Fotonapetostno izkoriščanje sončne energije
Kjučne besede: sončno obsevanje, Slovenija, fotovoltaika
Izvleček: Energijska bilanca fotonapetostnega modula je pogojena tudi z njegovim izkoristkom. Mesečna, sezonska in letna povprečja sončnega obsevanja so predstavljena na geografski karti z resolucijo 100 m x 100 m za celotno Slovenijo. Prav tako so podani diagrami optimalnega naklona in orientacije fotonapetostnih modulov za izbrane kraje v Sloveniji. Na razgibanem terenu pokrajina ni razdeljena samo na senčni in osončen del temveč tudi glede na različne vidne kote neba, ki močno vplivajo na difuzni del obsevanja. Trende povečevanja sončnega obsevanja v zadnji dekadi lahko razložimo delno tudi z zmanjšanjem pojava megle v Sloveniji.
1	Introduction
The natural resource for exploiting solar energy is of course solar irradiance that differs from place to place due to astronomical and weather related factors. While astronomical part can be well described with analytical equations, the meteorological part should be determined with a help of the measured data as well as using the results of meteorological models. The most important is of course the solar irradiance (power density), or radiance exposure (energy density, accumulated in a certain time, for example in a day). The next most important is air temperature, affecting the energy balance of solar collectors, followed by other parameters that influence heat exchange between collectors and their environment, like wind, precipitation etc., resulting in temperature of collector. Temperature is important as efficiency of PV cells diminishes with temperature.
In this paper are thus presented the factors of energy balance of a solar panel, the methodology for obtaining geo-referenced solar radiance exposures in a horizontal resolution of 100 m X 100 m, and the optimal tilts and orientations of surfaces with the highest radiation exposures.
2	The data
2.1 Solar energy data
Solar energy is not measured for a long period at many meteorological stations in Slovenia since most of the pyra-nometers, measuring global solar irradiation, were installed only in the last ten or fifteen years. Therefore, the time period for climatology of solar radiance exposures do not span over the 30-year period, which comprises the clima-
tologically established standard that ensures the desired stability and representativeness of the measured data. Namely, if we want to consider the 30-year period we would have to hold back on our study and the publishing of re-suits for the next 15 years. Due to the requirements of such data, the study was only performed on 10-year-long data sets.
As the exploitation of solar energy depends on the proportion between the direct and the diffuse part of irradiance, it is important to know both. The relief of Slovenia is rough and so not only that the whole landscape is divided into some parts that are more exposed to the sun and other more shady ones; the relief is also significant for the diffuse part of radiation. The diffuse radiation from the sky is reduced by the sky-view factor, which is the visible proportion of bright sky that also contributes an important part to insolation. The direct part of quasi-global radiance depends mostly on the incidence angle, which is defined by astronomical and surface parameters, as well as the horizon of the surrounding relief. The obstacles on horizon influence the effective possible duration of solar radiation. All these influences were included in our own model /1 / for computing quasi-global solar irradiance and radiance exposure with a spatial resolution of 100 m x 100 m (based on a digital relief model of Slovenia, © Surveying and Mapping Authority of the Republic of Slovenia).

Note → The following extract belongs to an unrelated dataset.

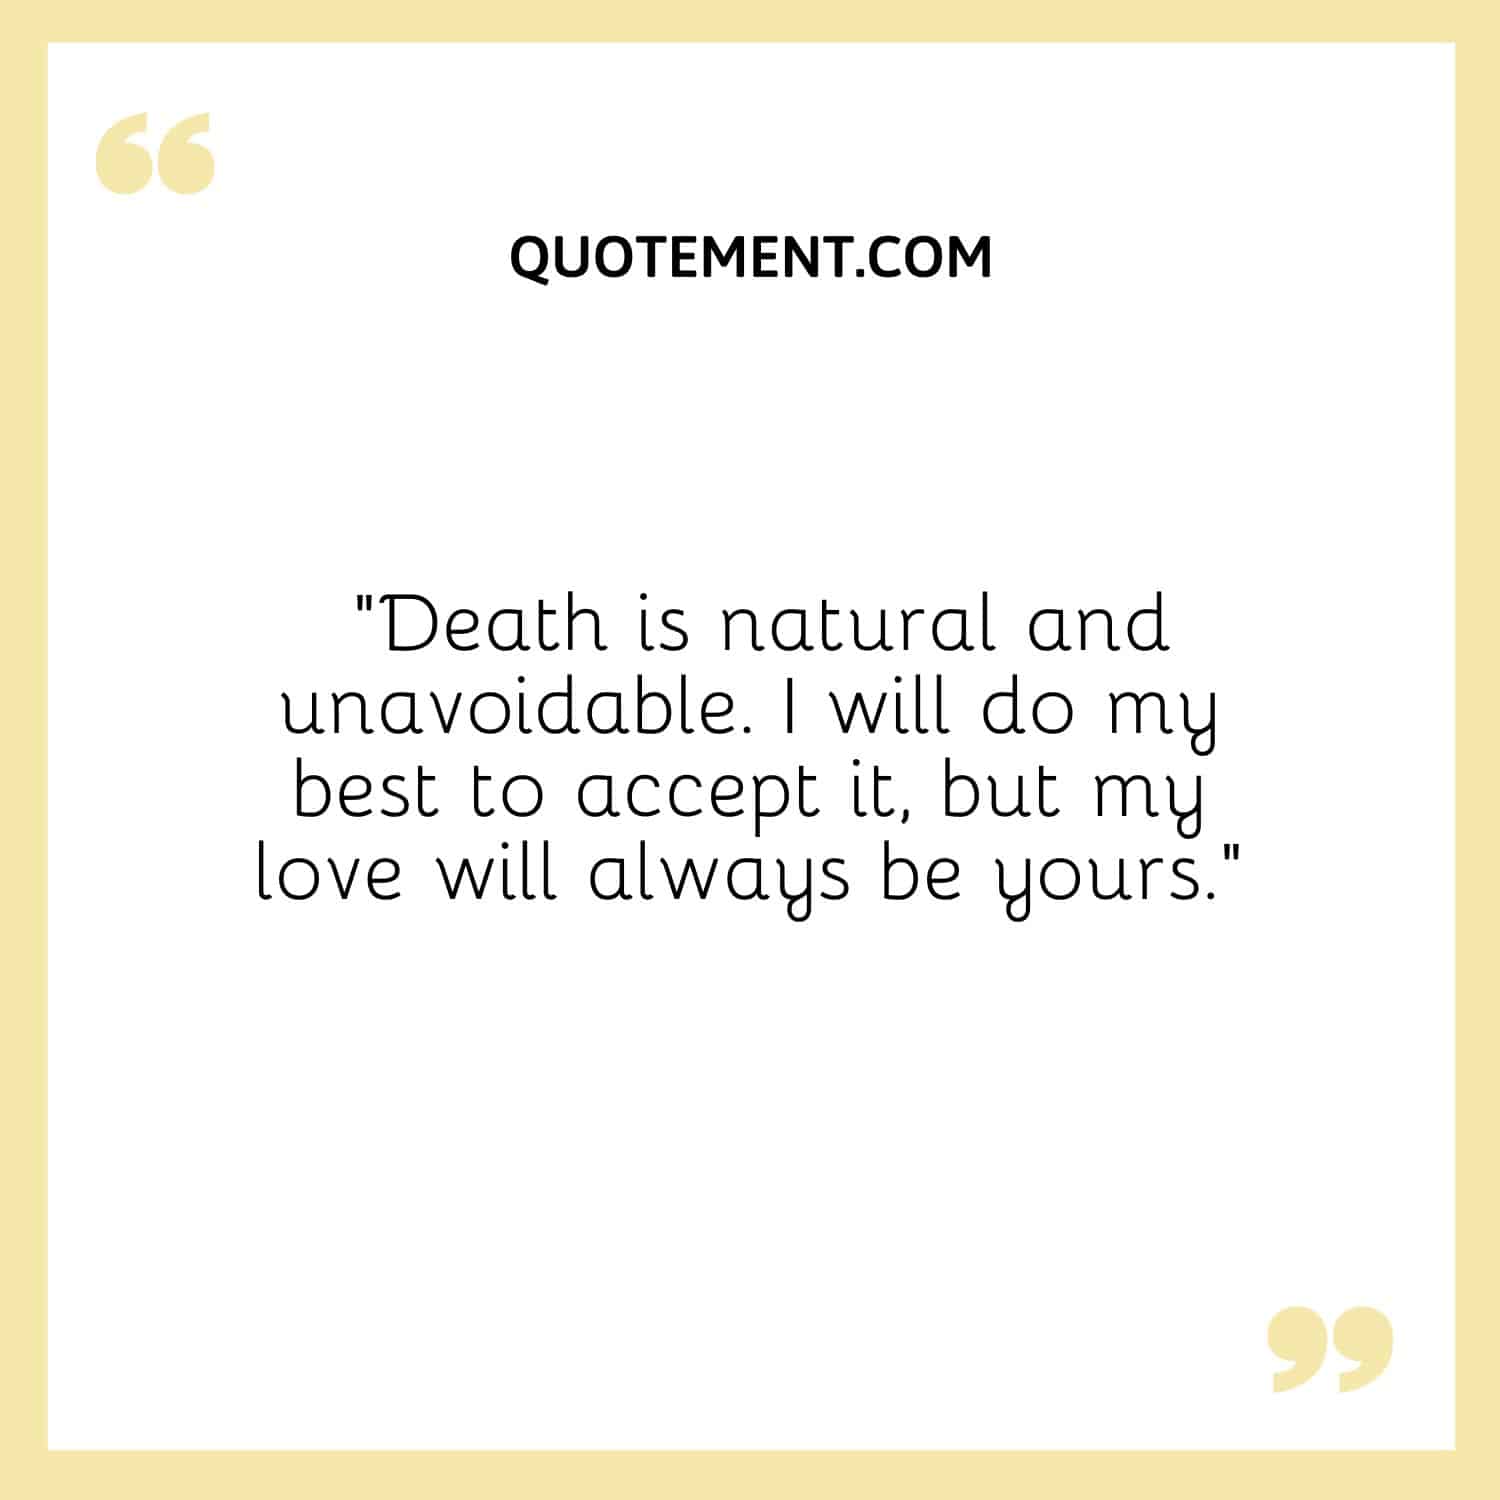 Death is natural and unavoidable

2.2 Other meteorological data,
influencing the efficiency of the PV panel
In this subsection we are going to explain how the environmental data influence efficiency of the PV panel. It is known that efficiency diminishes with the increasing temperature
T/e.g. 2/, The temperature of cells or a whole panel as a bulk is the result of the energy exchange between the panel and its environment. The first are the conduction and the convection, depending on panels and on environmental temperature, with exchange coefficients that depend also on wind and turbulence. Next is the infrared radiation leaving the panel (depending on power of panels temperature) and infrared radiation from the environment to the panel, depending on 4"^ power of temperature of the environment (above the panel is the air having in clear sky conditions the bulk emissivity of approx. 0.7). In addition, eventual precipitation or dew has energetic consequences via the latent heat of evaporation. Therefore, for a detailed consideration of factors of panel's efficiency besides the solar irradiance also these heat exchanges should be taken into account.
Global and quasi-global solar radiance exposures
the yearly chart of the global (in a 1 km x 1 km horizontal resolution; Fig. 1), and the quasi-global exposures (in a 100 m x 100 m horizontal resolution; Fig. 2) for Slovenia. The sunny and shady slopes are evident at first glance. The radiant exposure could even be some 20 % higher on the sunny slopes in comparison with the global exposure of horizontal surfaces. The shady slopes differ from the horizontal areas even more (even by 70 %). This asymmetry is mainly caused by the effect of the relief on the direct radiation - shady slopes experience a less favourable incidence angle of the sun and are often in the shade (when they only receive a diffuse part of radiation), while the sunny slopes are only influenced by a greater inclination angle of the sun, while in general they are not shadowed.
4 The optimum orientation and tilt
The orientation and slope of a collector can contribute an important increase to the energy collected in the exploitation of solar energy. The primary factor of sensible exploitation is, of course, the placement of the collector in a sunny place in orderte prevent shadows from obstacles in the nearby and more distant vicinity. Then the optimal inclination and orientation has to be established: one can assume that the collector should be oriented towards the south and that the summer inclination (with the sun high in the sky) should be smaller than the winter inclination. However, a careful analysis also offers some less expected and even surprising results (Fig. 3).
m
Fig. 1: Yearly mean of the global radiant exposure for Slovenia /1/.

jSÄI

Fig. 2: Yearly mean of the quasi- global radiant exposure for Slovenia /1/.
Monthly charts of the global (on horizontal receiving surface) and quasi-global solar radiant exposure (of differently tilted and oriented surfaces) were computed, as well as seasonal and yearly charts. As two examples we show here
Fig. 3: Contour plots of relative PV array energy yield regarding the horizontal surface as a function of fixed orientation and tilt for March, June, September, December and the whole year for Portorož in the Mediterranean part of Slovenia /3/.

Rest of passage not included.